As far as the state of wildlife on the coast, Underhill says, “They don’t know what’s killed and never will know. It’s out of mind.”

Bob Hastings of the Montgomery Sierra Club said there’s a lot we don’t know about the deep sea.

“But on the other hand, there’s a lot we do know,” he said. “We know a lot about what was killed by the BP oil spill. A lot more was killed than BP was given credit for. That disaster was a lot worse then people want to admit. And it’s not over. There are still things dying because of the oil spill.”

“I think the biggest problem we now have is the ongoing let’s get things back to normal attitude that people have,” Hastings said.

Underhill said the event could teach humankind a lesson “about what not to do,” but the people and the powers that be are not getting it.

“I don’t know how many chances you get to learn that lesson and do it right,” he said. “But the lesson is being learned wrong by just about everybody whose opinion counts. The lesson they are learning is that, well, we can be more careful and deliberate and allow the regulators a little more latitude to do it right so it’s safe and OK. That’s what they are proceeding to do.”

For example, he pointed out that a forensic report on the Deepwater Horizon blowout preventer showed there was a design flaw that stopped it from working properly.

“But they’re putting it right back in service and saying we’re looking closer and everything is safe,” Underhill said. “The newspaper says that, editorially. Everybody whose opinion counts says that.”

There are examples around the world on other ways to produce energy that do not pose such a catastrophic risk to human life and the environment, Underhill pointed out. Even in Germany, in a more northerly latitude than the American South, they are now producing a major percentage of their power from solar energy.

“The sun, in Germany?” Underhill asked. “If they can do that, we can do that. You could run your whole society on the energy in the water, the wind and the sun. That lesson is not being learned. Instead, they are trying to find safer and more public relations soothing ways to resume the old ways.”

The transition will not be easy and won’t happen overnight, he admitted. And he acknowledge that there are similar interests between environmental groups and labor unions.

“But it’s always going to be difficult,” he said, “because it’s so easy to say this is an attack on employment and jobs. So you have to gradually wind down the old economy and simultaneously crank up the new one, and show by concrete action that you can provide a decent livelihood by developing, manufacturing, distributing and maintaining alternate energy sources.”

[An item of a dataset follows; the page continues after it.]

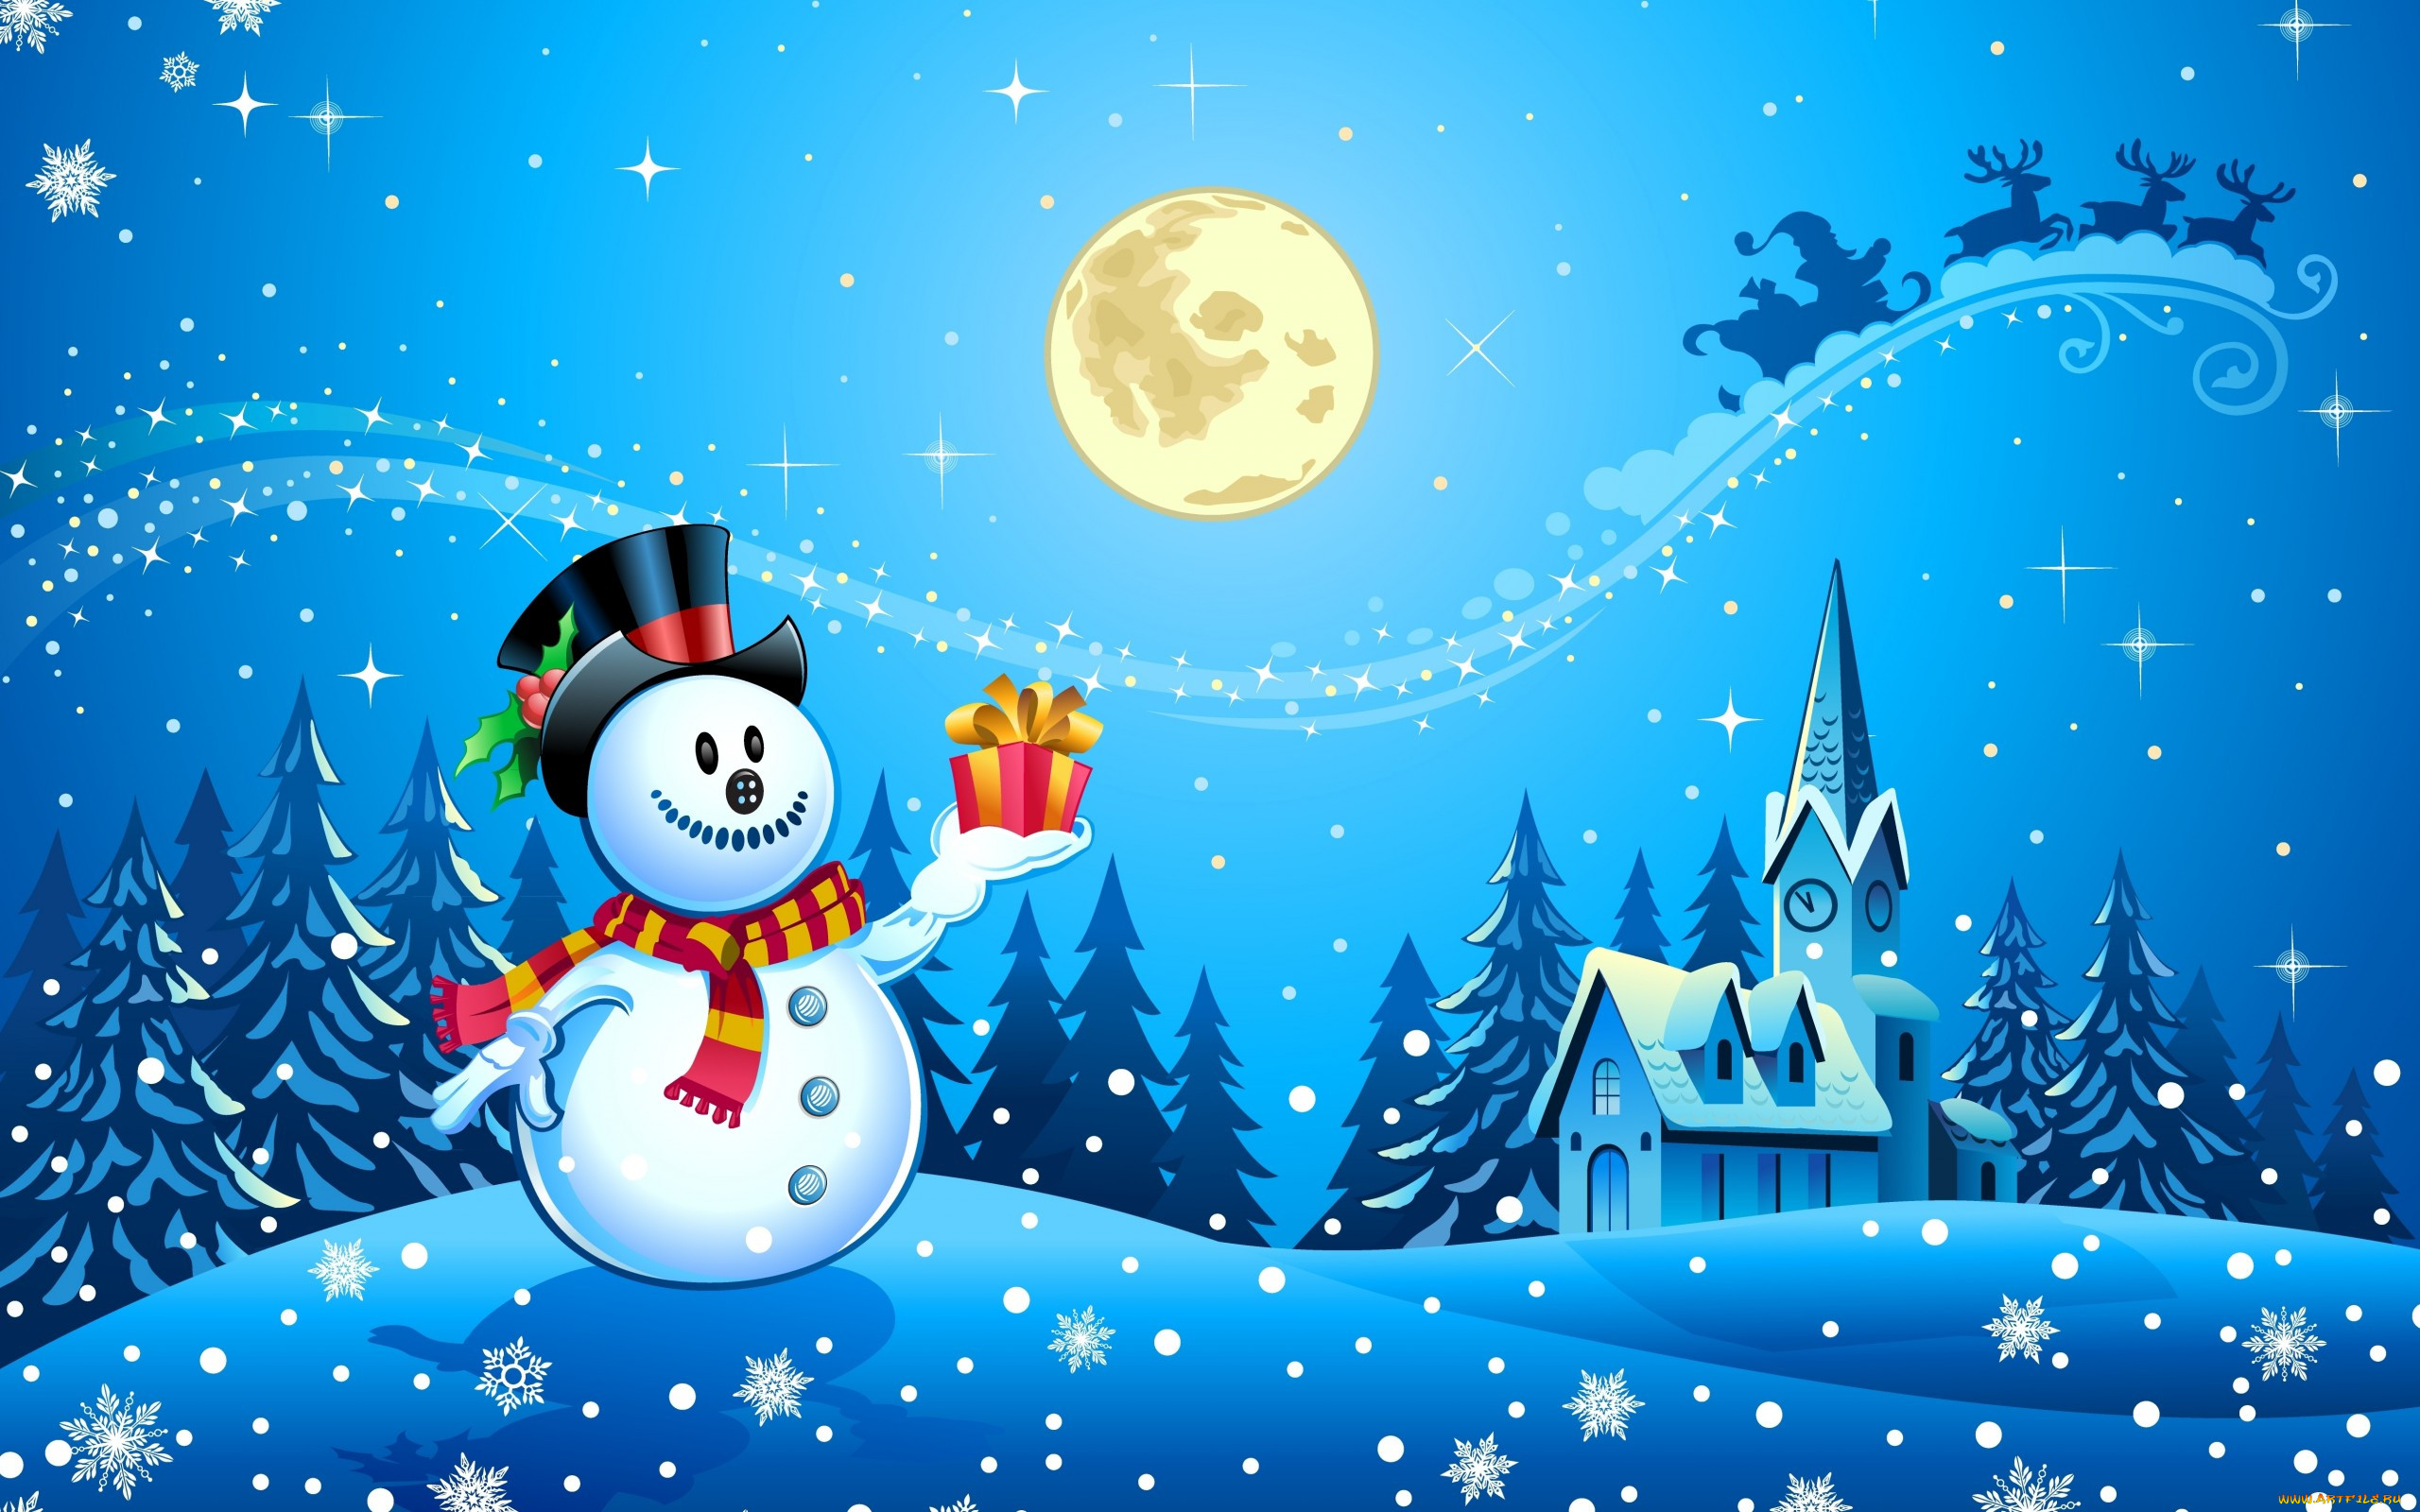 , , , , , holidays, year, new, christmas, happy, merry, new year, snowman, merry christmas, snow, trees, scarf, ice town, full moon, santa claus, reindeer, houses, clock, midnight, snowflakes,  , ,   , , , ,  ,  , -, , , , ,

Meanwhile, to counter the jobs argument, Underhill said, you have to say, “yes, you lost some jobs when the offshore oil production was shut down, but more jobs were lost by far in the tourist business that died, in the fishing business that died.”

It is going to take a more mass movement than we have seen in human history to counter the BP BS and turn things around, and it is going to take people turning to an alternative press for information. Until that transition happens, mistakes will continue to be made and the catastrophes will continue to plague us. Just look what happened to the nuclear plant in Japan in the aftermath of the recent earthquake and tsunami.

Any day, another accident could cause another massive disaster on the Gulf Coast. Just last night, industry and government officials had to issue an alert-in-place warning for people in and around Texas City, when power was lost at BP’s largest oil refinery and a neighboring Dow Chemical plant.

“Virtually nobody is saying the lesson we have to learn is to stop this, stop poisoning ourselves and our environment and running reckless risks with it, doing damage we can’t recover from, neither in huge catastrophic mistakes or in drip by drip spoiling for yourselves or your successors,” Underhill said. “That’s the lesson you ought to learn — and it’s not being learned.”